◆ **Directions**
Leaving the pictures aside, transcribe the data below exactly.

◆ **Given data**

=== Section Start ===

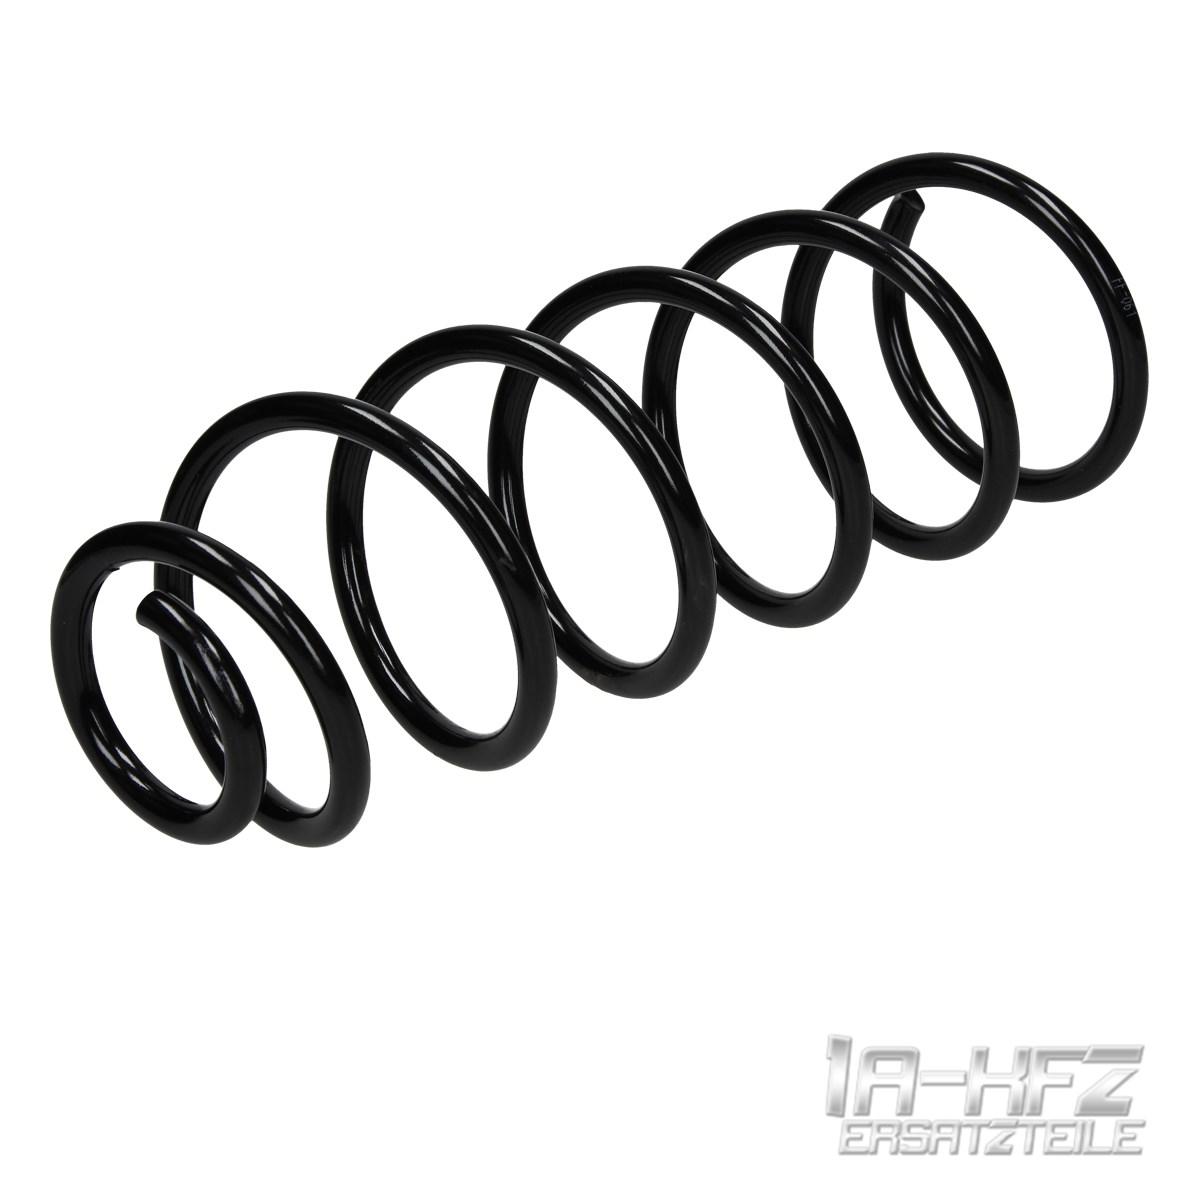 Fahrwerksfeder Spiralfeder Feder Hinterachse Hinten Verstärkt Opel ASTRA G
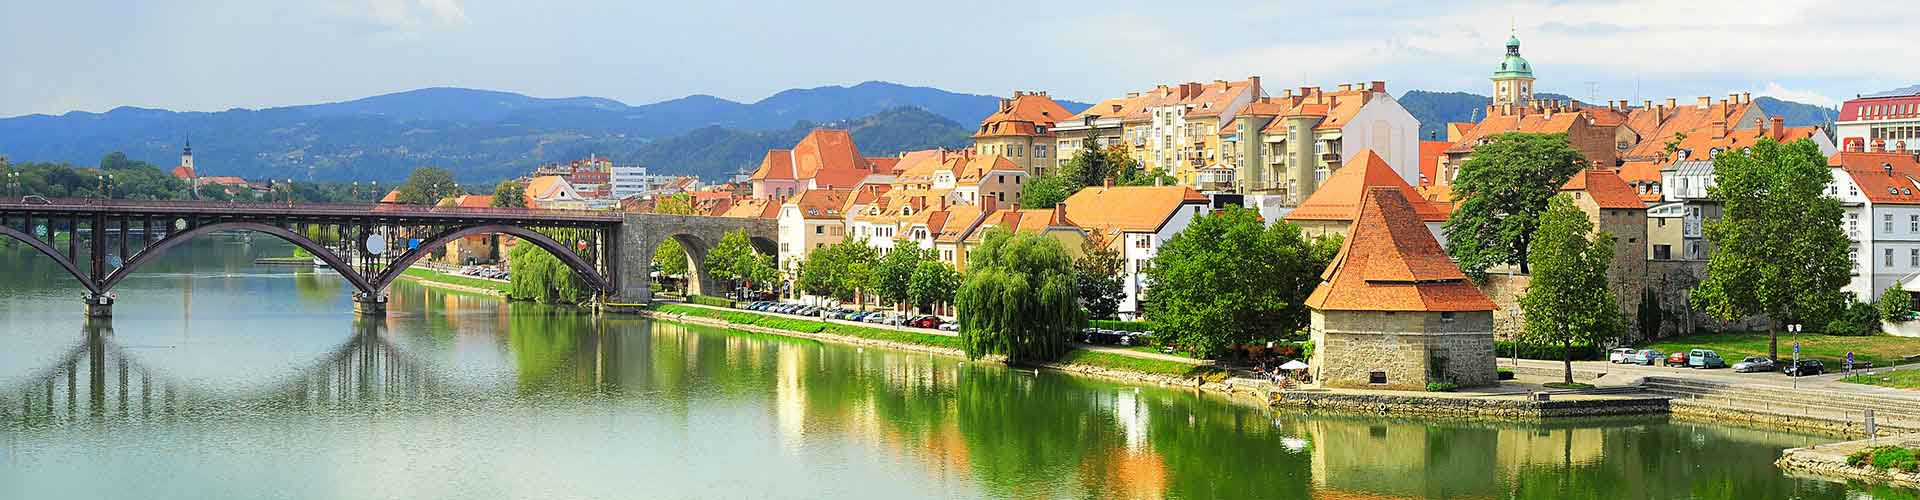 Maribor - Hostales en Maribor. Mapas de Maribor, Fotos y comentarios de cada Hostal en Maribor.
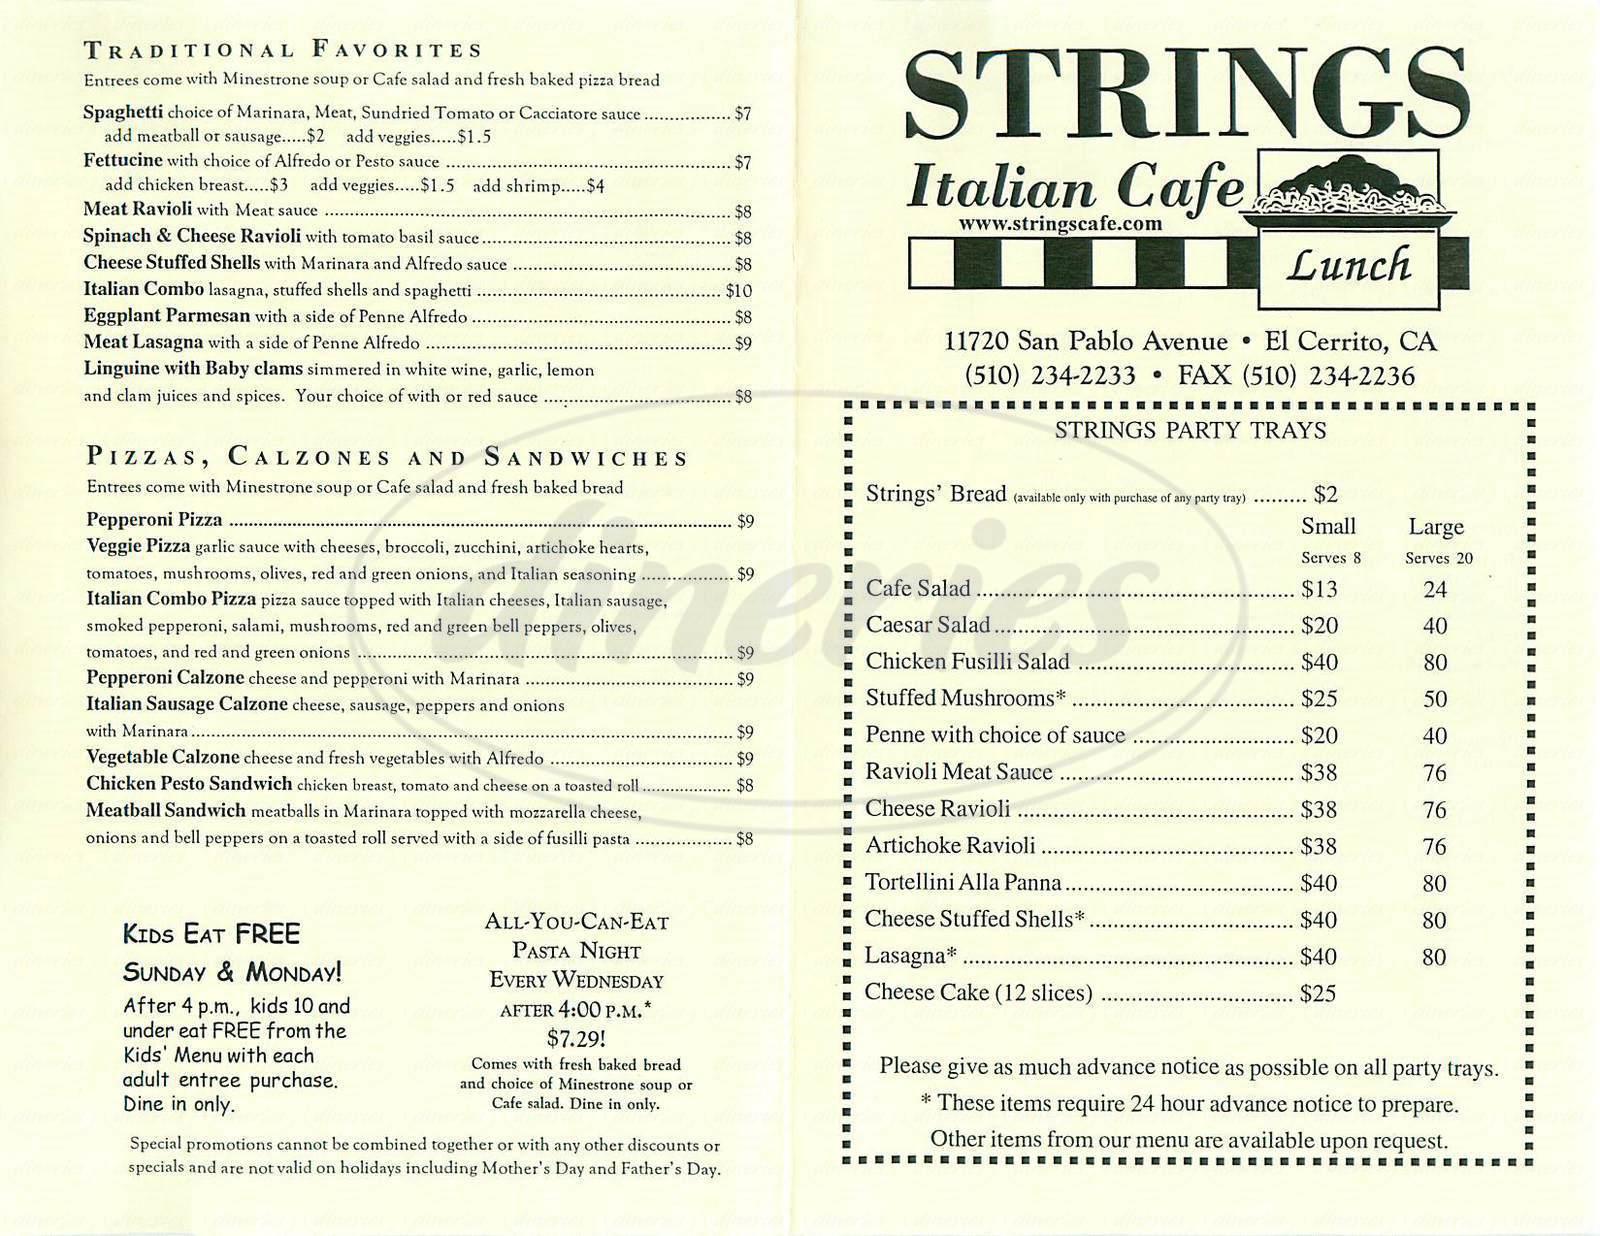 menu for Strings Italian Café

=== Section End ===

◆ **Solved problem**
 Fahrwerksfeder Spiralfeder Feder Hinterachse Hinten Verstärkt Opel ASTRA G
 Maribor - Hostales en Maribor. Mapas de Maribor, Fotos y comentarios de cada Hostal en Maribor.
 menu for Strings Italian Café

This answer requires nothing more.